Appellant requested the court to give instructions to the effect that if he or Edwards took the. pistol without any intention of stealing it, but only for the purpose of disarming Adams, then they would not be guilty of larceny. This is the law, and the court should have so instructed the jury. There was evidence sufficient to warrant a submission of that question to the jury, and appellant was entitled to a specific instruction to that effect. St. Louis & S. F. Rd. Co. v. Crabtree, 69 Ark. 134; Prescott & N. W. Ry. Co. v. Weldy, 80 Ark. 454; Western Coal & M. Co. v. Buchanan, 82 Ark. 499; Western Coal & M. Co. v.

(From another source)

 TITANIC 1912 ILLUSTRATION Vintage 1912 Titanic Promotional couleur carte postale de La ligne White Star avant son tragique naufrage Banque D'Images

Burns, 84 Ark. 74; St. Louis & S. F. Rd. Co. v. Dyer, 87 Ark. 531; Jackson v. State, ante p. 71.

It is true that the court in all of its instructions told the jury in general terms that if they believed, beyond a reasonable' doubt, that appellant stole and carried away the pistol with intent to deprive the owner of his property, or aided or abetted Edwards in doing so, they should convict him, thus making his conviction depend upon the finding of these facts beyond a reasonable doubt. But the existence of an intent to steal being an essential element of the crime of larceny, and there being sufficient evidence to justify a finding that the pistol was not taken with any such intent, appellant was entitled to a specific instruction as asked. In Gooch v. State, 60 Ark. 5, Judge Riddicic, speaking for the court, said: “To constitute larceny, the taking must be done with a felonious intent. It has been held that a person who takes muskets to prevent their being used against himself and friends does not commit larceny, there being no lucri causa.” He added a quotation from Bishop, that “a better reason for this just decision would have been that his motive was not to deprive the owner of his ownership in them.”

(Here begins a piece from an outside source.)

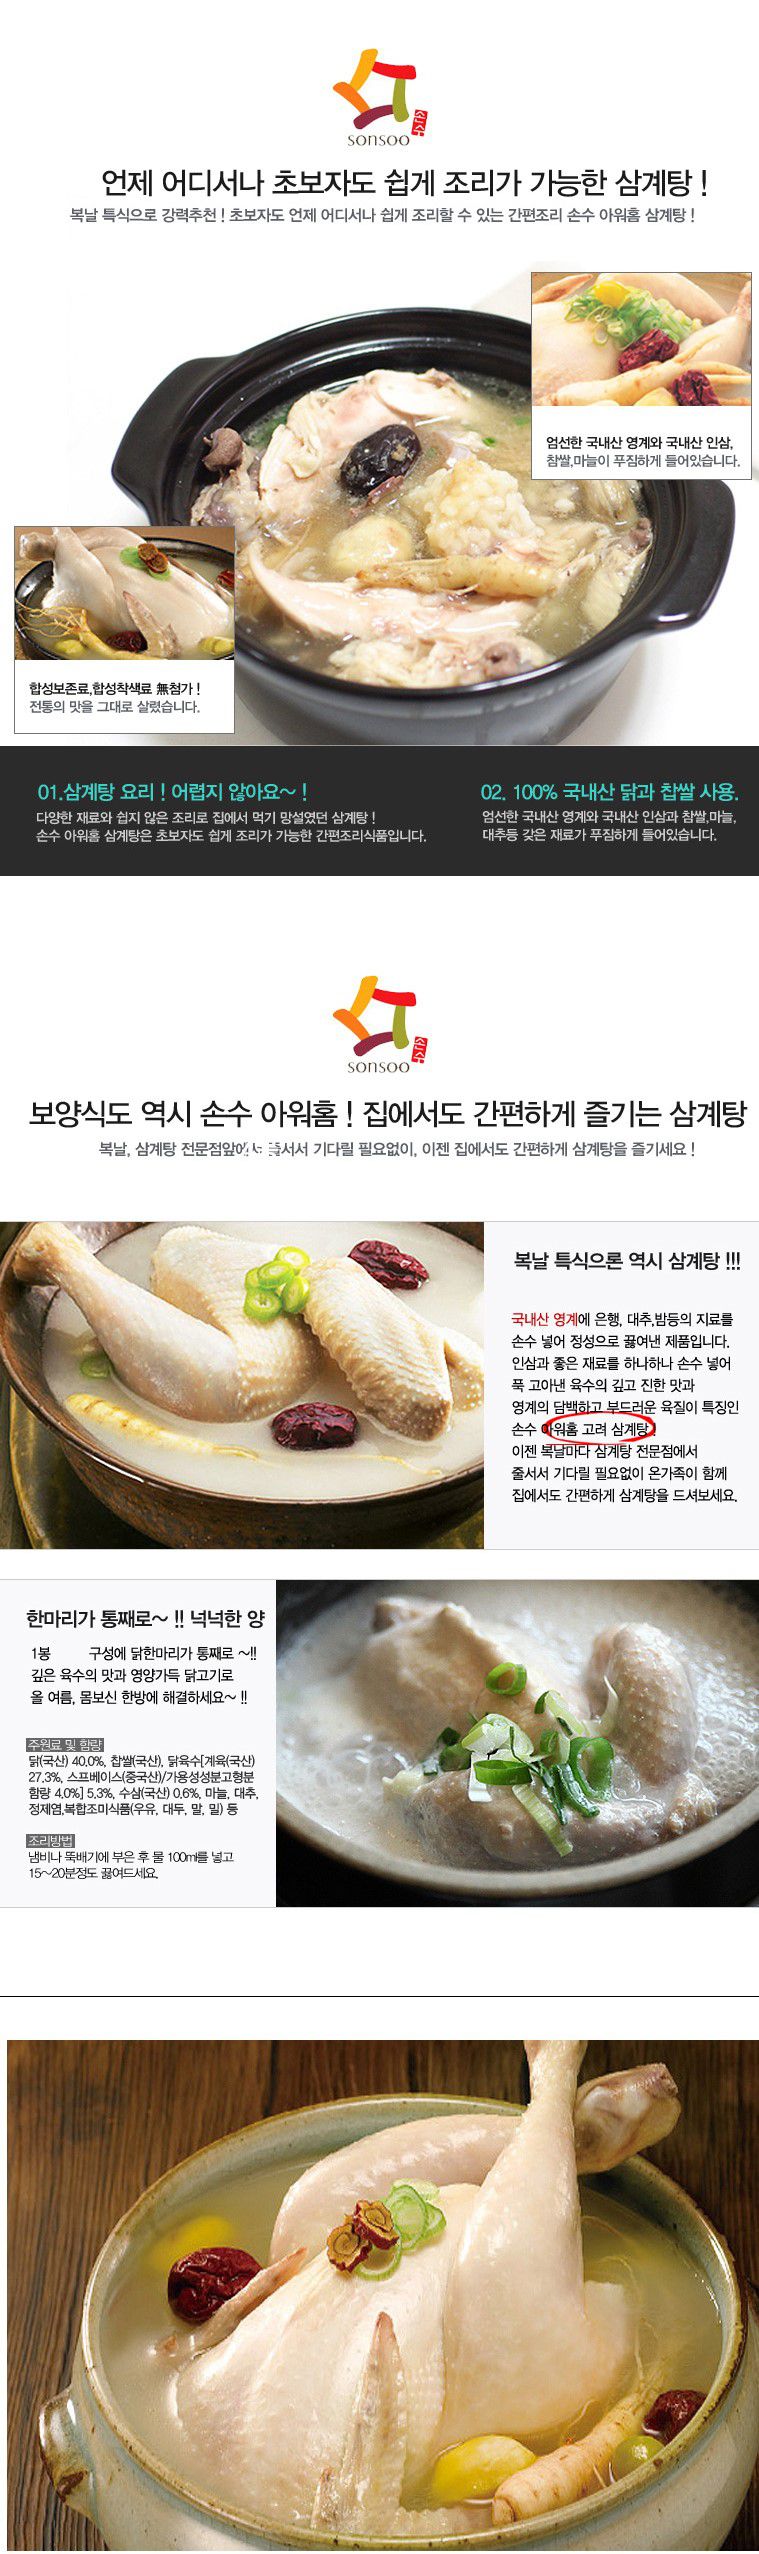 韓國食品-[아워홈] 고려삼계탕 800g

In this case the 'taking and carrying away of the pistol was conceded, and the only question substantially in dispute was as to the intent. The testimony adduced by the State was sufficient to warrant a finding that Edwards, aided and abetted by appellant, took the pistol from Adams and carried it away with the felonious intent to steal it; and, on the other hand, the jury could have found that there was no intent to steal the pistol, but that they took it away from Adams in order to disarm him, either for the purpose of preventing him from successfully defending himself from their assault or from arresting them. It is unimportant what the real motive was, whether it was good or evil, so long as there was no intent to steal. And whether or not such an intent existed was, under the circumstances of the case, a question for the jury to decide under proper instructions. The minds of the jury should have been directed to this particular point by a specific instruction; at least when the appellant asked for such an instruction, he was entitled to it. St. Louis & S. F. Rd. Co. v. Crabtree, 69 Ark. 134; Prescott & N. W. Rd. Co. v. Weldy, 80 Ark. 454; Western Coal & Mining Co. v. Buchanan, 82 Ark. 499; Western Coal & Mining Co. v. Burns, 84 Ark. 74; St. Louis & S. F. Rd. Co. v. Dyer, 87 Ark. 531; Jackson v. State, ante. p. 71.

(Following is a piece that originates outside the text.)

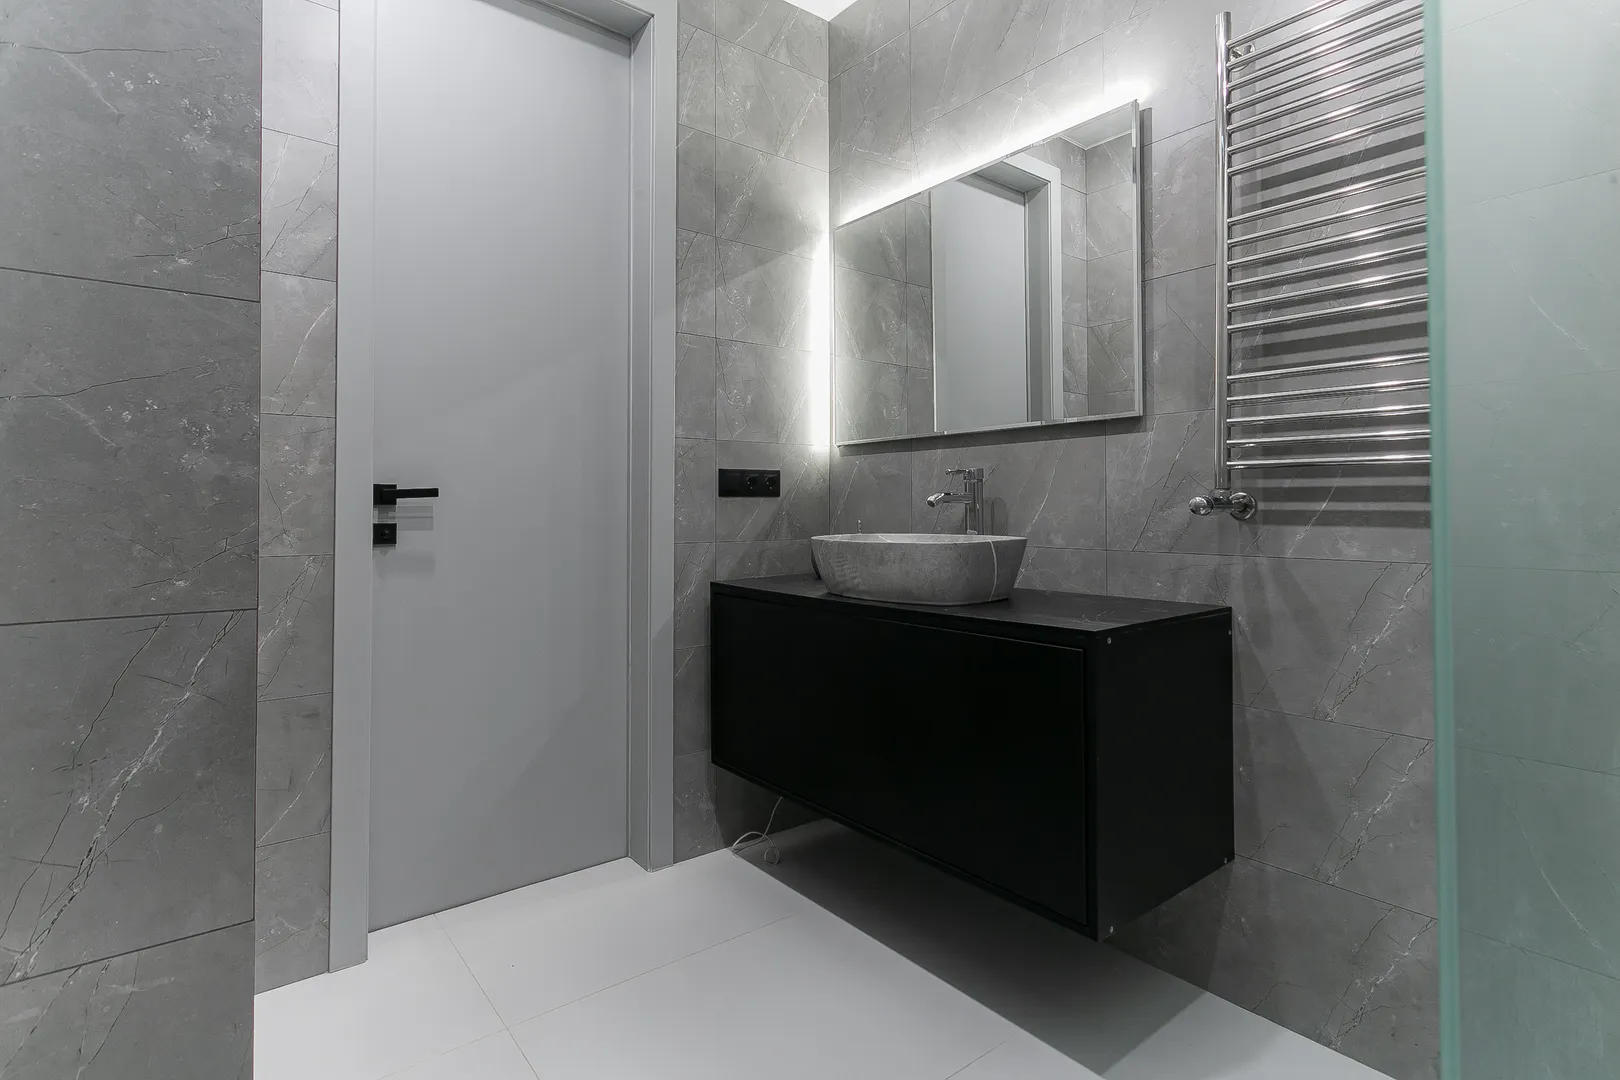 Ванная комната оборудована встроенным унитазом, гигиеническим душем, раковиной, тумбой с выдвижными ящиками, просторным душем, полотенцесушителем, зеркалом с подсветкой

Appellant offered to prove by his own testimony that, previous to this occurrence, Adams had repeatedly threatened to kill him, and that they were on bad terms; but the court refused to permit such proof to be made. We think this testimony was competent for the purpose of showing the intent with which appellant participated in the act of taking t]ie pistol away from Adams and carrying it away. It tended to strengthen appellant’s contention that he did not intend to steal the pistol, and it might have induced the jury to find that appellant aided or encouraged Edwards to take the pistol away from Adams because he was afraid of Adams and wanted to disarm him.

Other errors are assigned, not of sufficient importance to discuss. But for the error indicated the judgment is reversed, and the cause is remanded with directions to grant appellant a new trial.